Documentation ¶
Overview ¶
Package whatlanggo detects natural languages and scripts ( writing systems ). Languages are represented by a determined list of constants while scripts are represented by *unicode.RangeTable.
Index ¶
Constants ¶
const ReliableConfidenceThreshold = 0.8
ReliableConfidenceThreshold is confidence rating that has to be succeeded for the language detection to be considered reliable.
Variables ¶
var Langs = map[Lang]string{ Afr: "Afrikaans", Aka: "Akan", Amh: "Amharic", Arb: "Arabic", Azj: "Azerbaijani", Bel: "Belarusian", Ben: "Bengali", Bho: "Bhojpuri", Bul: "Bulgarian", Ceb: "Cebuano", Ces: "Czech", Cmn: "Mandarin", Dan: "Danish", Deu: "German", Ell: "Greek", Eng: "English", Epo: "Esperanto", Est: "Estonian", Fin: "Finnish", Fra: "French", Guj: "Gujarati", Hat: "Haitian Creole", Hau: "Hausa", Heb: "Hebrew", Hin: "Hindi", Hrv: "Croatian", Hun: "Hungarian", Ibo: "Igbo", Ilo: "Ilocano", Ind: "Indonesian", Ita: "Italian", Jav: "Javanese", Jpn: "Japanese", Kan: "Kannada", Kat: "Georgian", Khm: "Khmer", Kin: "Kinyarwanda", Kor: "Korean", Kur: "Kurdish", Lav: "Latvian", Lit: "Lithuanian", Mai: "Maithili", Mal: "Malayalam", Mar: "Marathi", Mkd: "Macedonian", Mlg: "Malagasy", Mya: "Burmese", Nep: "Nepali", Nld: "Dutch", Nno: "Nynorsk", Nob: "Bokmal", Nya: "Chewa", Ori: "Oriya", Orm: "Oromo", Pan: "Punjabi", Pes: "Persian", Pol: "Polish", Por: "Portuguese", Ron: "Romanian", Run: "Rundi", Rus: "Russian", Sin: "Sinhalese", Skr: "Saraiki", Slv: "Slovene", Sna: "Shona", Som: "Somali", Spa: "Spanish", Srp: "Serbian", Swe: "Swedish", Tam: "Tamil", Tel: "Telugu", Tgl: "Tagalog", Tha: "Thai", Tir: "Tigrinya", Tuk: "Turkmen", Tur: "Turkish", Uig: "Uyghur", Ukr: "Ukrainian", Urd: "Urdu", Uzb: "Uzbek", Vie: "Vietnamese", Ydd: "Yiddish", Yor: "Yoruba", Zul: "Zulu", }
Langs represents a map of Lang to language name.

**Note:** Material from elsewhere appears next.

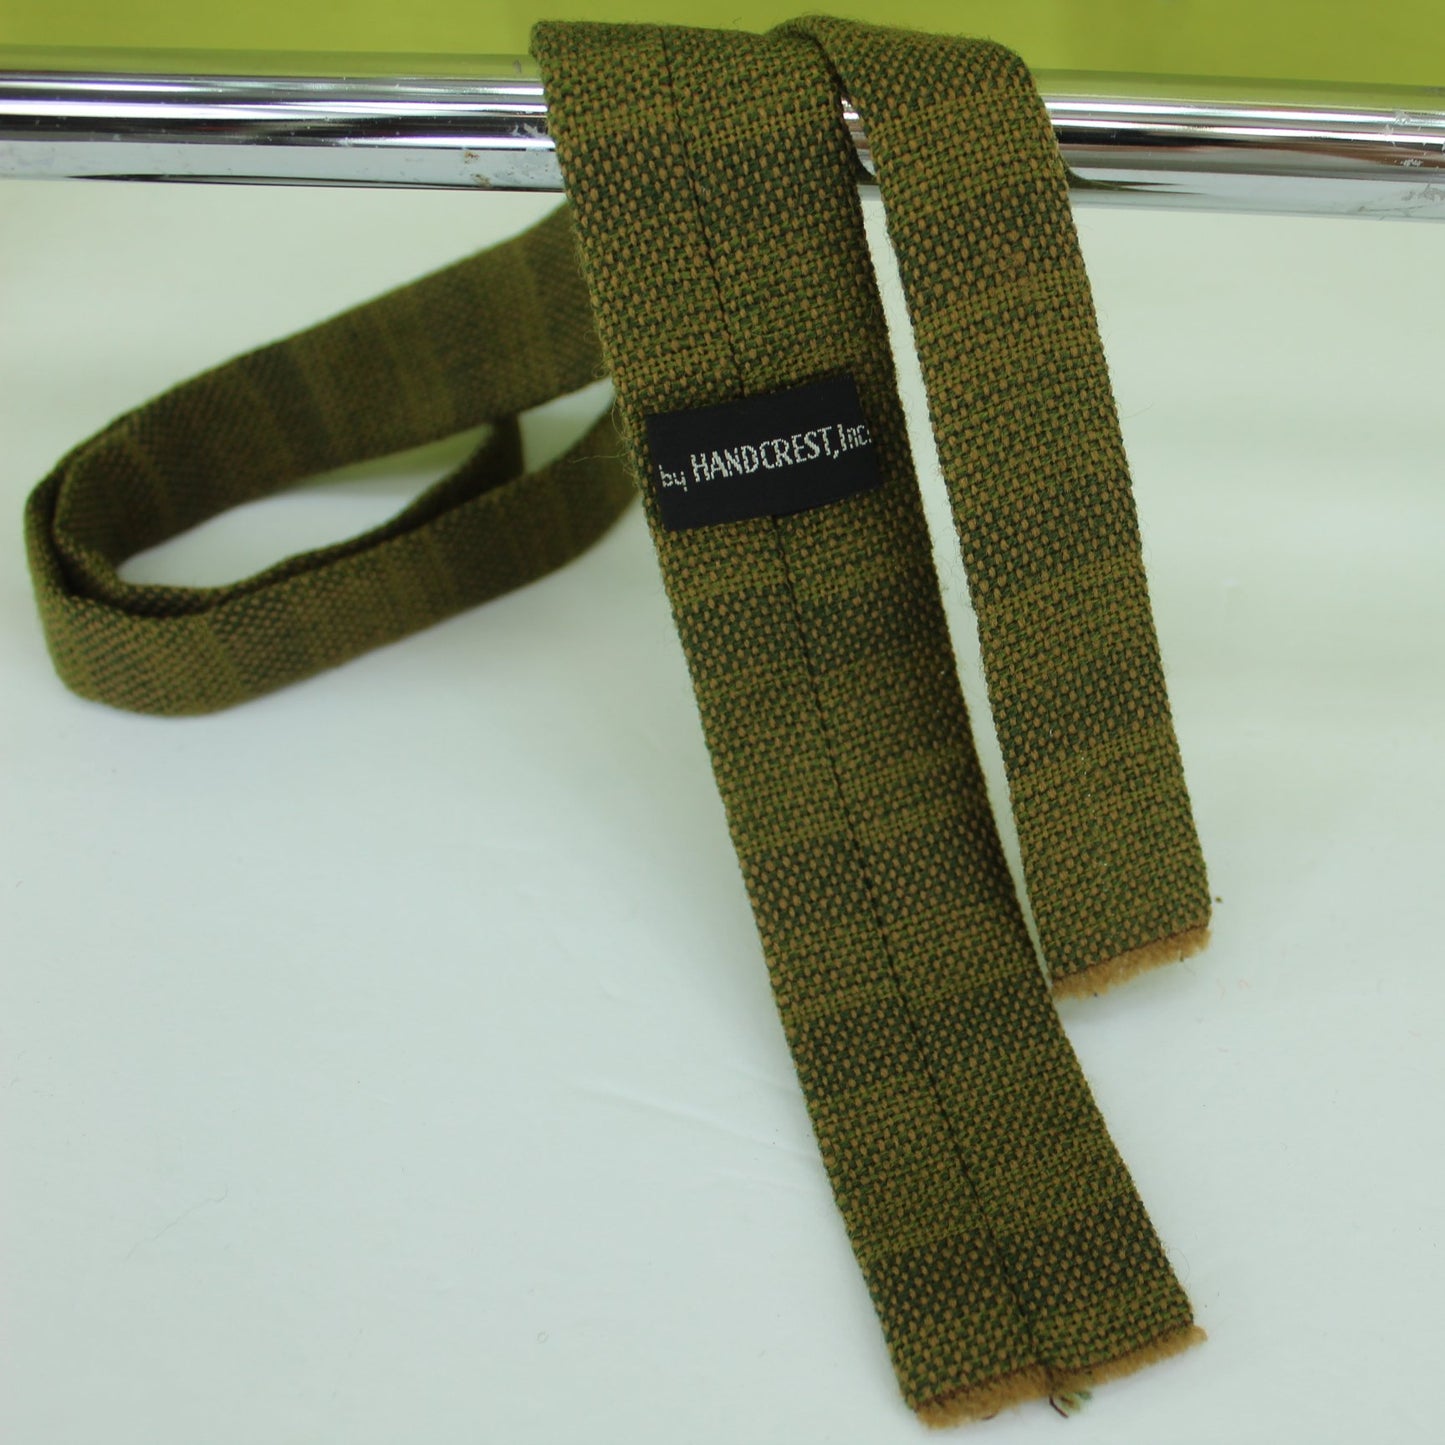 Handcrest Skinny Wool Necktie Hand Woven Square End Brown Green 53" X 1 5/8" MCM reverse of tie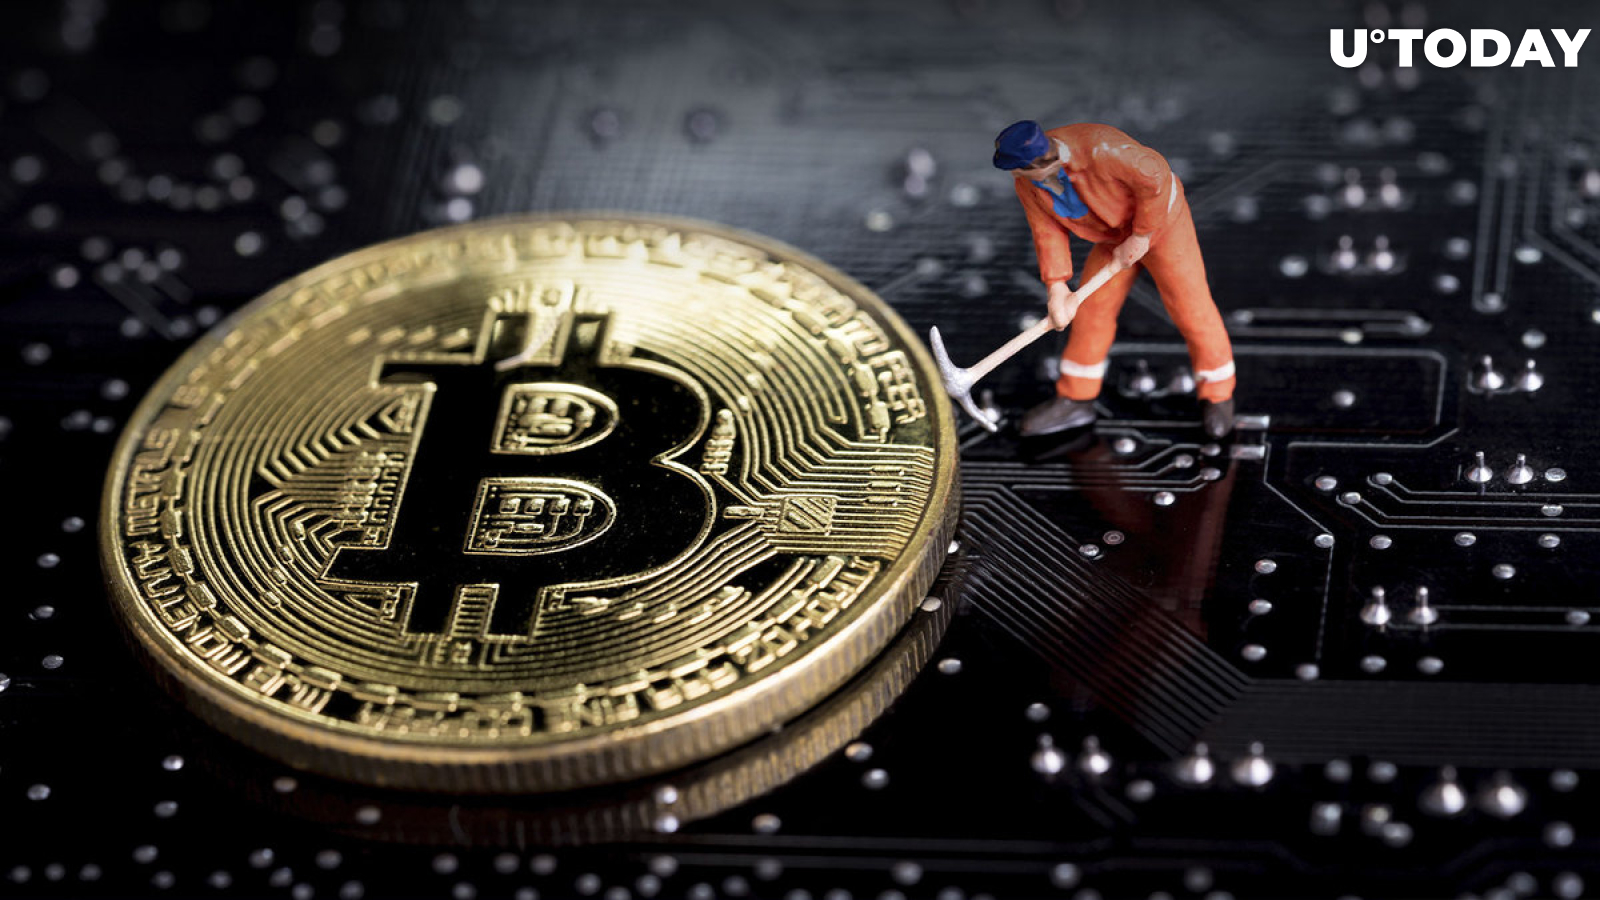 Bitcoin Miners Selling 135% of Their Profits: Details

var Scripts = map[*unicode.RangeTable]string{ unicode.Arabic: "Arabic", unicode.Bengali: "Bengali", unicode.Cyrillic: "Cyrillic", unicode.Ethiopic: "Ethiopic", unicode.Devanagari: "Devanagari", unicode.Han: "Han", unicode.Georgian: "Georgian", unicode.Greek: "Greek", unicode.Gujarati: "Gujarati", unicode.Gurmukhi: "Gurmukhi", unicode.Hangul: "Hangul", unicode.Hebrew: "Hebrew", unicode.Hiragana: "Hiragana", unicode.Kannada: "Kannada", unicode.Katakana: "Katakana", unicode.Khmer: "Khmer", unicode.Latin: "Latin", unicode.Malayalam: "Malayalam", unicode.Myanmar: "Myanmar", unicode.Oriya: "Oriya", unicode.Sinhala: "Sinhala", unicode.Tamil: "Tamil", unicode.Telugu: "Telugu", unicode.Thai: "Thai", }
Scripts is the set of Unicode script tables.
Functions ¶
func DetectScript ¶
func DetectScript(text string) *unicode.RangeTable
DetectScript returns only the script of the given text.
func LangToString ¶
LangToString converts enum into ISO 639-3 code as a string. Deprecated: LangToString is deprected and exists for historical compatibility. Please use `Lang.Iso6393()` instead.
func LangToStringShort ¶
LangToStringShort converts enum into ISO 639-1 code as a string. Return empty string when there is no ISO 639-1 code. Deprecated: LangToStringShort is deprected and exists for historical compatibility. Please use `Lang.Iso6391()` instead.
Types ¶
type Info ¶
type Info struct { Lang Lang Script *unicode.RangeTable Confidence float64 }
Info represents a full outcome of language detection.
func DetectWithOptions ¶
DetectWithOptions detects the language and script of the given text with the provided options.
func (*Info) IsReliable ¶
IsReliable returns true if Confidence is greater than the Reliable Confidence Threshold
type Lang ¶
type Lang int
Lang represents a language following ISO 639-3 standard.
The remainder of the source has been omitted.